Fermer le couvercle fonctionne tout aussi bien, et c’est même la technique préférée des cuisiniers habitués au low and slow. Il faut éloigner tout objet inflammable et étouffer les flammes en fermant le couvercle du barbecue. Priver le feu d’oxygène reste toujours plus efficace que de le noyer, et ça évite de perturber la température de cuisson en cours. Pour les flambées ponctuelles pendant la cuisson, un simple vaporisateur bien dosé fait aussi l’affaire.
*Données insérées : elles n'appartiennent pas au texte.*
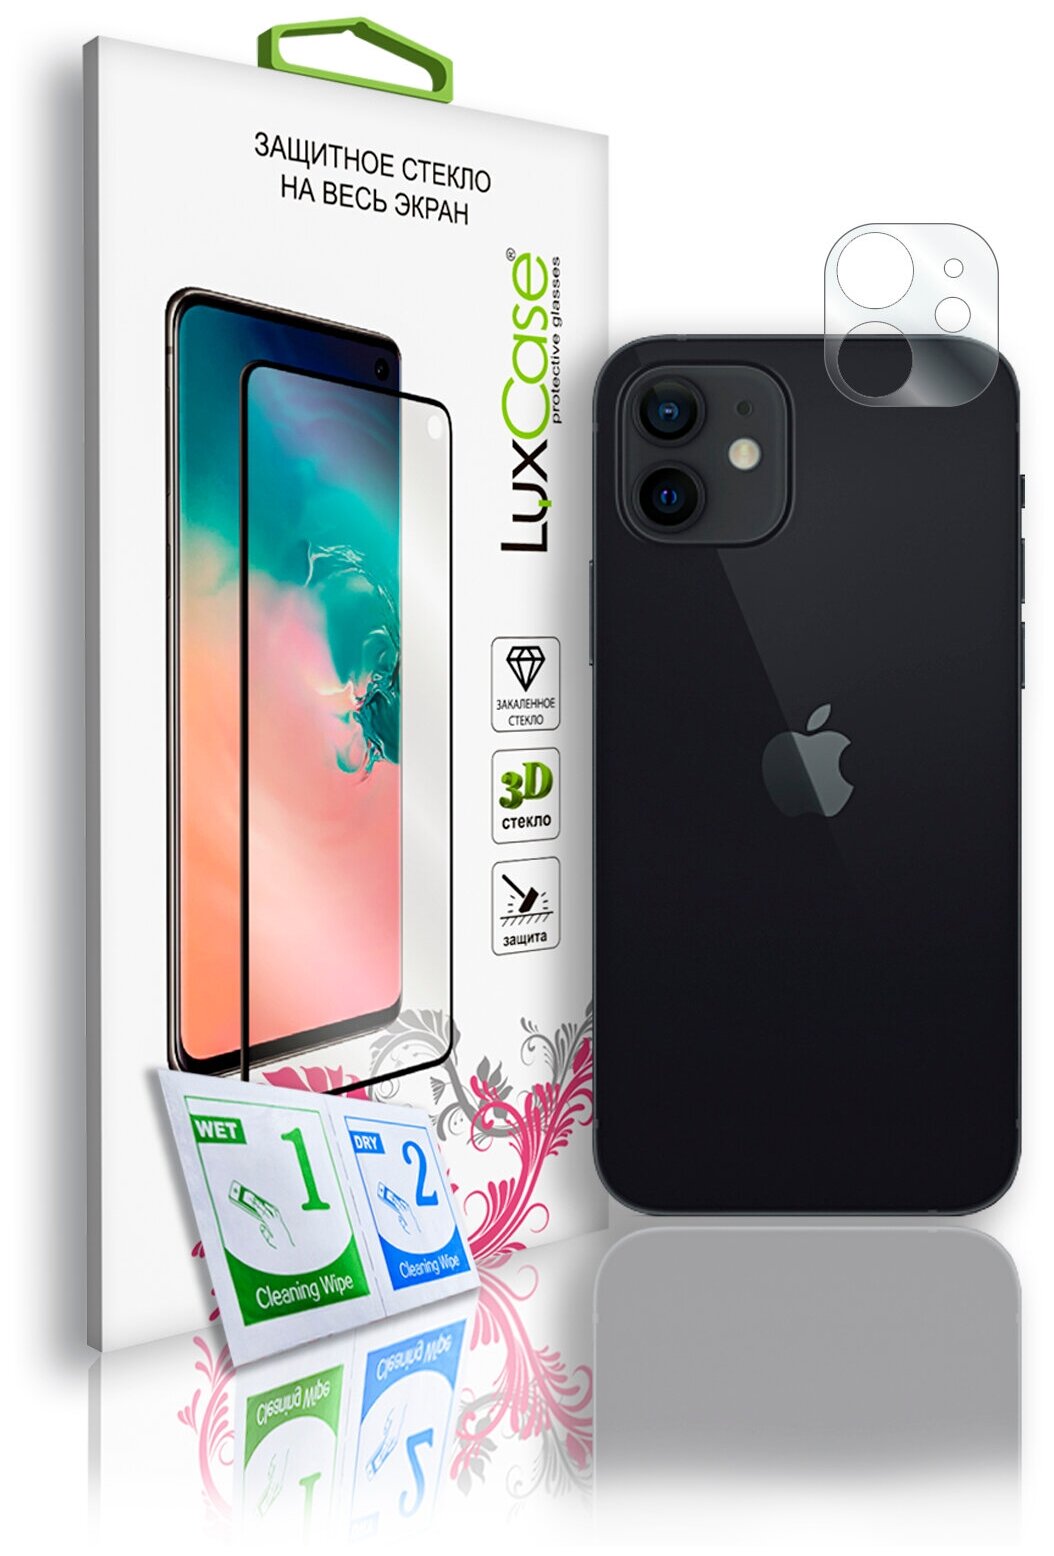 Защитное стекло LuxCase для камеры iPhone 12 mini на камеру Айфон 12 мини На плоскую часть экрана 033 мм
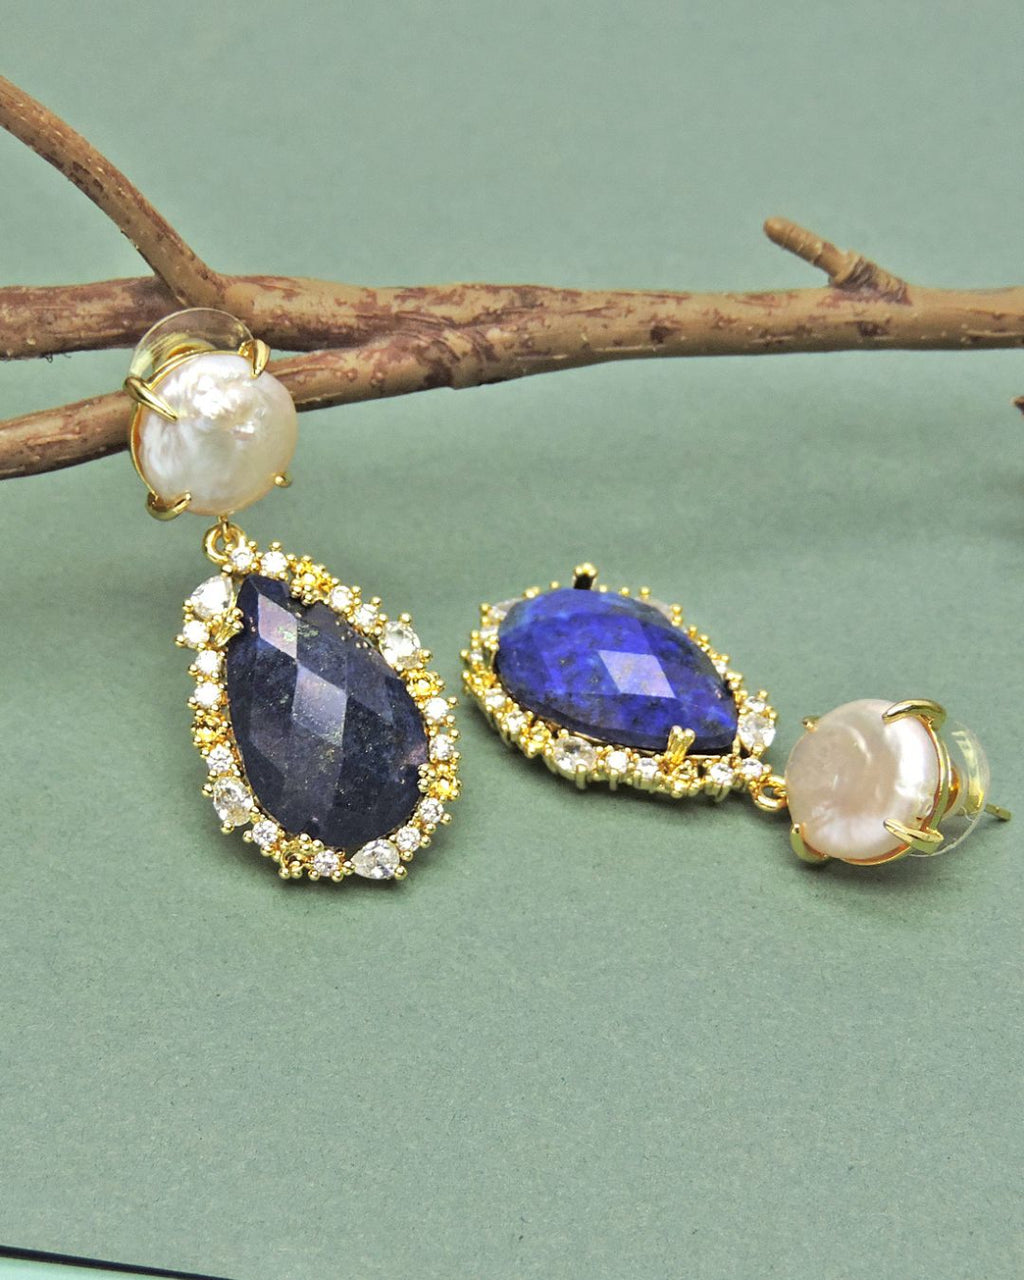 Zobel Earrings - Earrings - Handcrafted Jewellery - Made in India - Dubai Jewellery, Fashion & Lifestyle - Dori

On peut envisager d’utiliser un vaporisateur d’eau pour asperger les braises avec parcimonie, sans y verser un seau entier. La nuance est là : quelques gouttes fines contre une inondation, ce n’est pas du tout le même résultat sur les braises ni sur le goût final.

Le sable ou la terre marchent aussi très bien, surtout en camping ou loin d’un point d’eau. Le sable ou la terre étouffe les braises en privant l’oxygène, ce qui arrête rapidement la combustion. Une méthode un peu salissante, certes, mais redoutablement efficace et sans aucun risque de projection brûlante.

Après le repas, la patience reste la meilleure alliée

Une fois les grillades englouties, mieux vaut ne rien précipiter. La méthode la plus simple et la plus sûre consiste à laisser le feu s’éteindre de lui-même en fermant le couvercle et toutes les aérations afin de priver les braises d’oxygène, le charbon s’éteignant progressivement en une trentaine de minutes à quelques heures. Pas besoin de rester planté devant, le barbecue fait le travail tout seul.

Un point mérite d’être glissé ici, souvent oublié : fermer hermétiquement un barbecue au charbon dans un espace confiné n’est jamais anodin. Un barbecue au charbon de bois génère des quantités considérables de monoxyde de carbone, qui se dissipe instantanément en plein air mais s’accumule à une vitesse redoutable dans un espace clos ou semi-clos. Un garage, une véranda mal ventilée, un abri de jardin fermé : autant d’endroits à proscrire absolument pour laisser refroidir un barbecue, même une fois la flamme éteinte. Les braises apparemment mortes gardent souvent bien plus de chaleur qu’on ne l’imagine, parfois pendant plusieurs heures, ce qui justifie d’attendre franchement avant de vider les cendres dans une poubelle.